How I started to focus on what I can’t do discovering what I can do living with Transvaginal Mesh and Chronic Pain.

Hello Everyone, Good Evening and Morning to you and Once again it’s Monday already, well almost Tuesday.  I started last night with talking a little about Depression, Anxiety and how to just cope with all the emotions we have to face, however I realized a little too late how tired I was.  I didn’t get any sleep the night before and I went back and reread my entry and thought, “wow, look at all the spelling errors”.  Then it came to me today, just before starting this blog entry about “Manic Monday” and I thought to myself, Today was a really good day.  It really was a good day.

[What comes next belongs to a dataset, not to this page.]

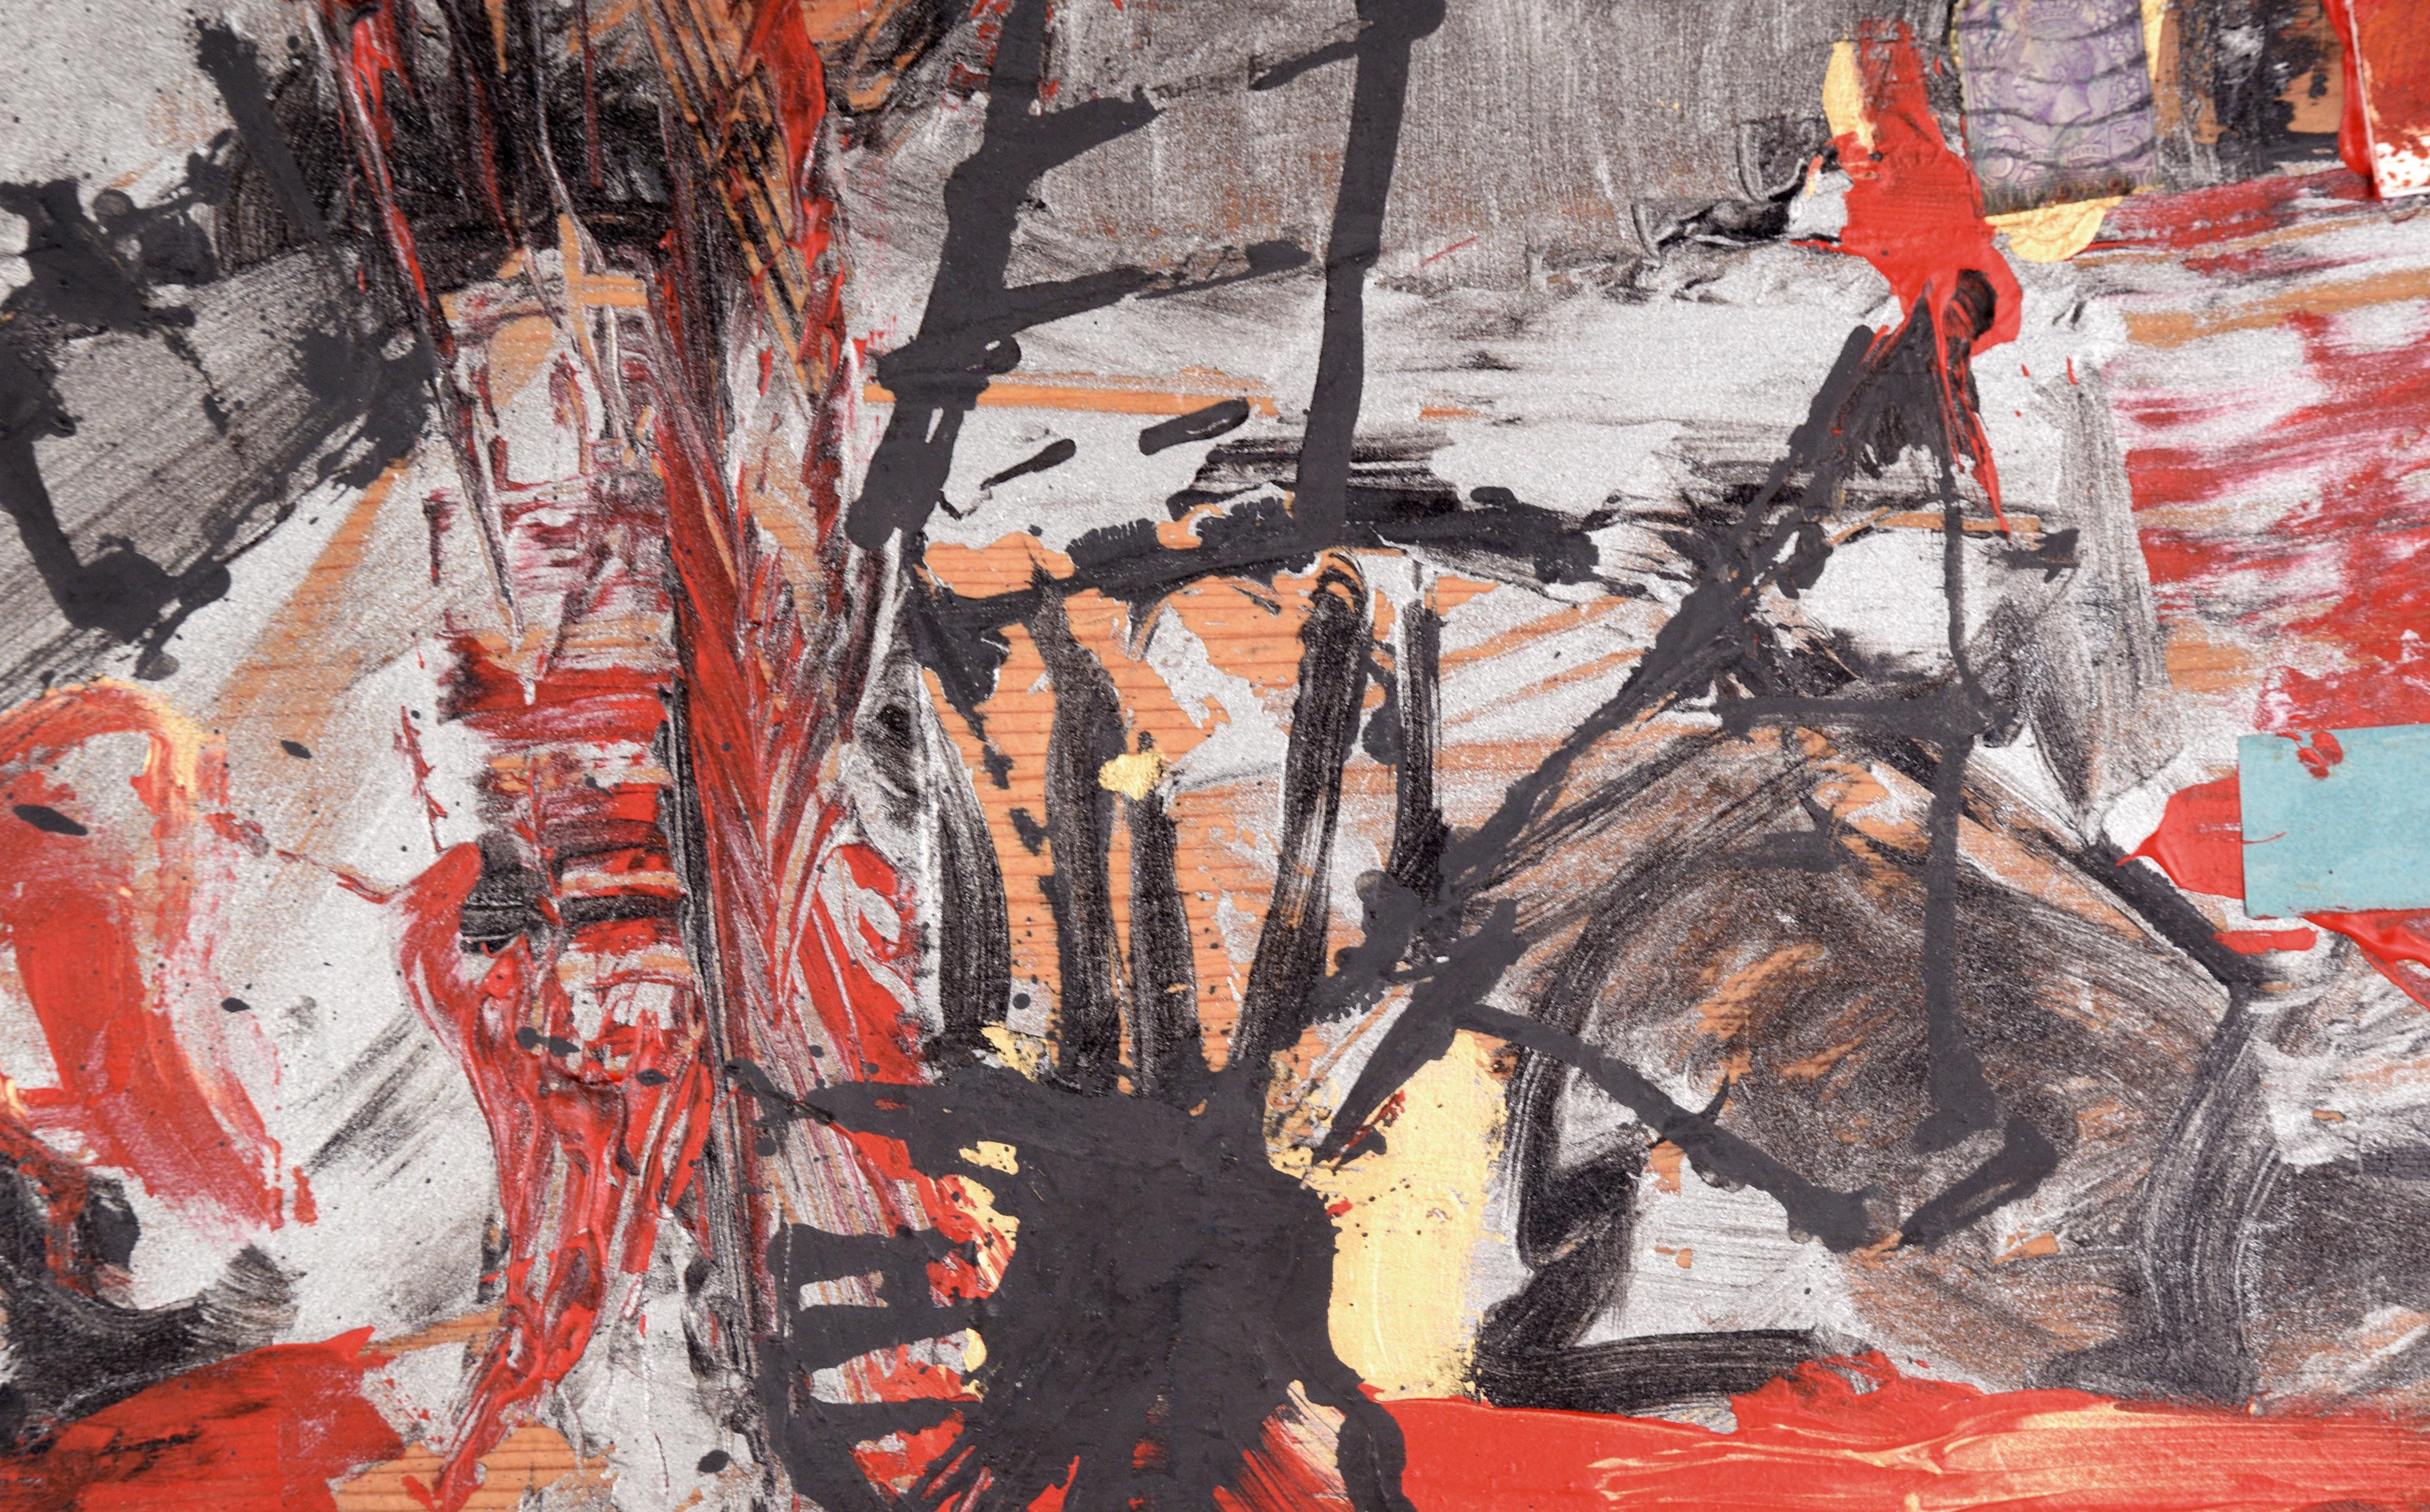 Peinture à l'huile expressionniste abstraite avec des objets assemblés de l'artiste de la Bay Area Michael Pauker (américain, né en 1957). Des coups de pinceau expressifs noirs et rouge vif sont superposés à des lames de verre, des tampons et la

I haven’t felt like this in a while, happy, for just being happy.  I have to say this, I really enjoy blogging all the time.  It seems like with every week that passes by, I can brainstorm idea’s, now it’s coming to me so quickly that I actually started to journal entry my idea’s.  I realized that I would like to break up “The evolution of my Social Anxiety Disorder” into weekly segments.  It’s really got me challenging myself to talk about things, let alone think about them.  I already in just a few short months, have reached so many people, it’s extraordinary and I am Thankful for that.

happypriority

I will do a little highlight on Depression and Anxiety, however I am going to mainly focus on uplifting yourself.  I absolutely am really hard on myself, for a couple of reasons, but mostly because I don’t like defeat, as in Goal setting, plans, just being able to achieve something great, my independence.  I had to realize at some point that my prior life is gone, my independent one, it’s time to create a new one.  I often use prayer as guidance, however I know that I have a lot of self work to do.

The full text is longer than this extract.